Brentsville School Board Representative Adele Jackson was the only other school board member to respond to a request for comment last week. She reiterated that the school board has given Walts the authority to pause in-person instruction if he deems it necessary.

“I’m constantly watching the numbers, and I trust he and his staff are in constant communications with the health department,” Jackson said. “I trust that he is prioritizing staff and student safety.”

Hansford said teachers are frustrated that Walts and the school board are not reacting to the rising COVID-19 cases or even fully explaining their decision-making process for allowing in-person instruction.

Hansford says she’s always sought to be “extremely measured” in her calls for the school board to ensure teacher and student safety and said teachers are “not privy” to the decision-making process, which is one reason the union is working toward establishing a collective bargaining agreement with the school division. Collective bargaining for public employees will be possible beginning on July 1 as a result of a new law passed last year.

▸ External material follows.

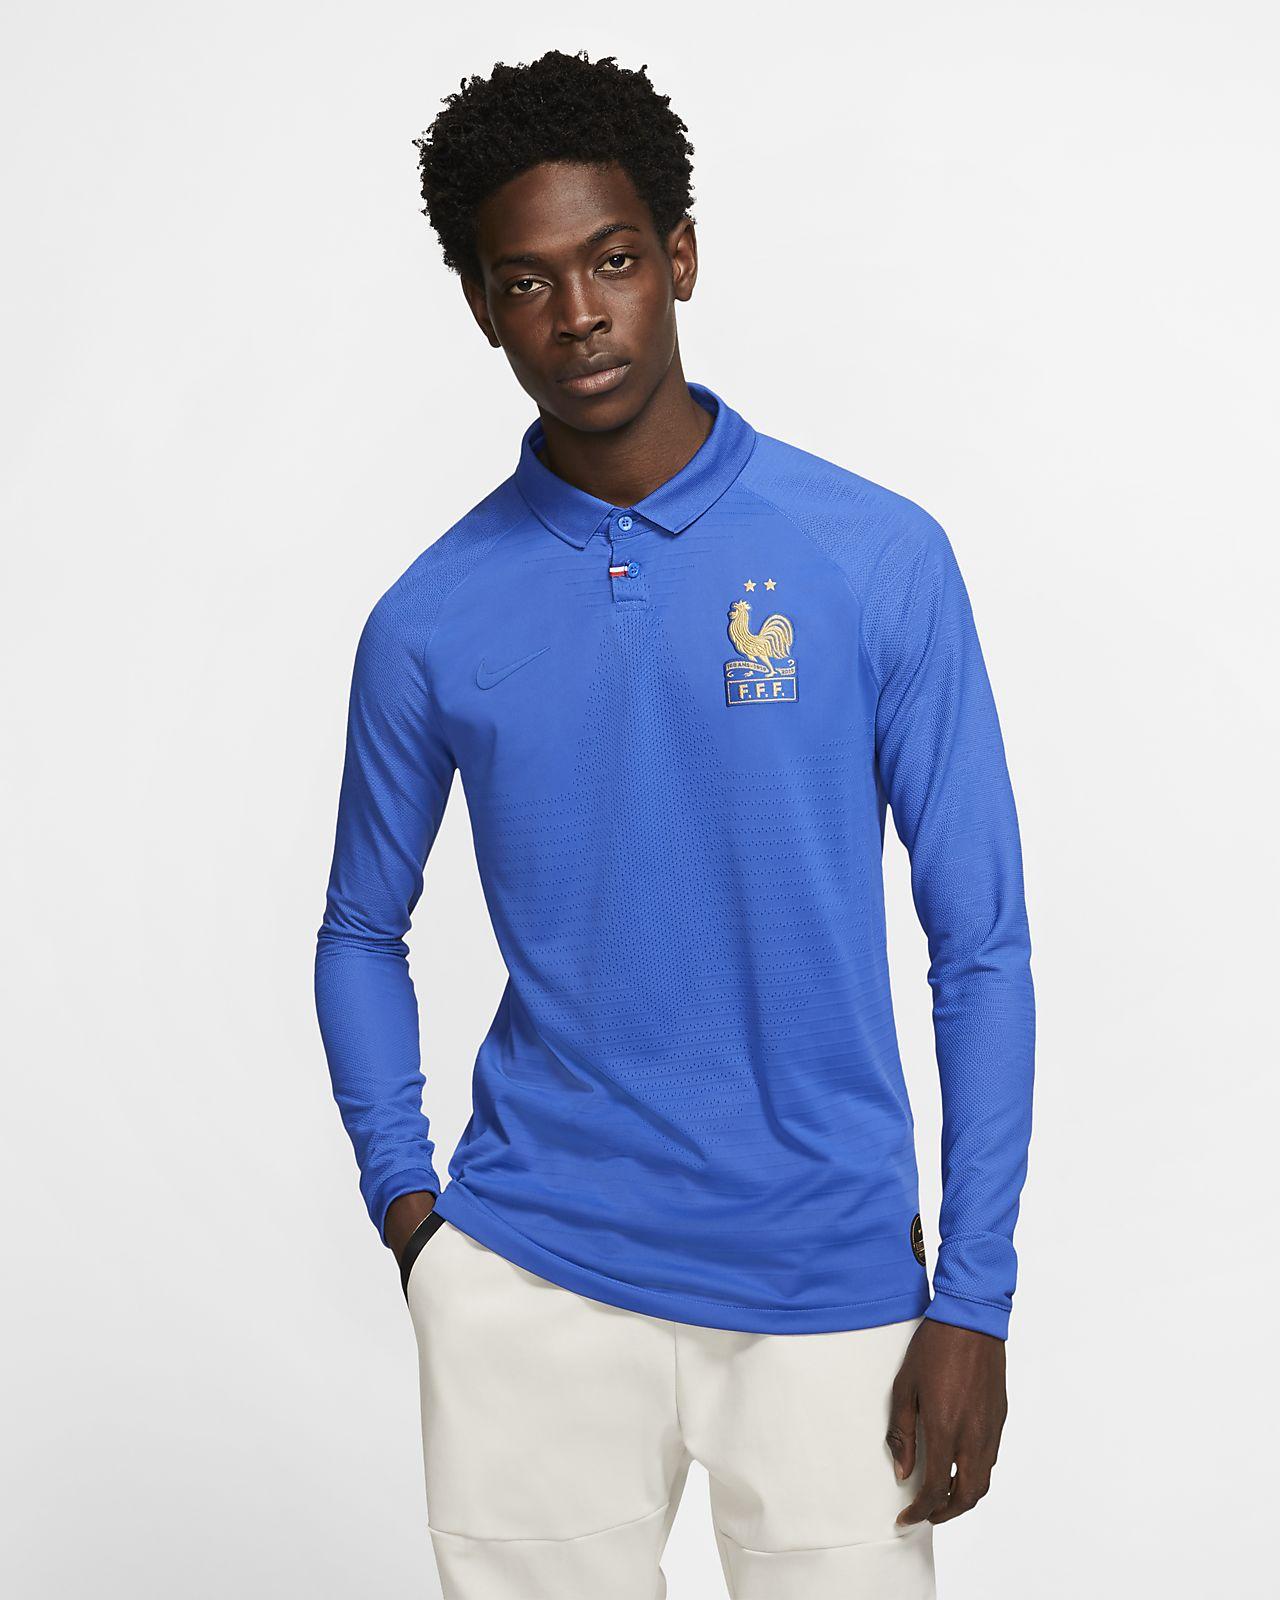 Męska koszulka z długim rękawem FFF Vapor Match Centennial

“If we had collective bargaining, we would be part of these discussions,” Hansford said. “We wouldn’t have to keep asking. We would know.”

At a Dec. 3 school board meeting, Associate Superintendent Denise Huebner said the school division’s status for in-person instruction could change under a set of dire circumstances, including “a change in our overall community’s medical health or [its] ability to provide health care;” an uncontrollable outbreak in schools that can’t be mitigated through normal protocols; an inability to staff schools; or a decision to halt in-person learning by Gov. Ralph Northam.

On Sunday night, as teachers prepared to return to schools the next day, Hansford said teachers still don’t understand what it will take to close schools for in-person instruction. She said some tier 1 teachers have already left their jobs rather than risk exposing themselves or their families to the virus, while others have already been working inside schools because they can’t afford to quit.

Hansford also said she wonders why Prince William County school division officials believe it’s safe for students and teachers to return to schools amid the current surge of COVID-19 cases when other school divisions have decided it’s not.

“I wonder how we’re different,” Hansford said. “Our numbers are the highest and there should be something said about that.”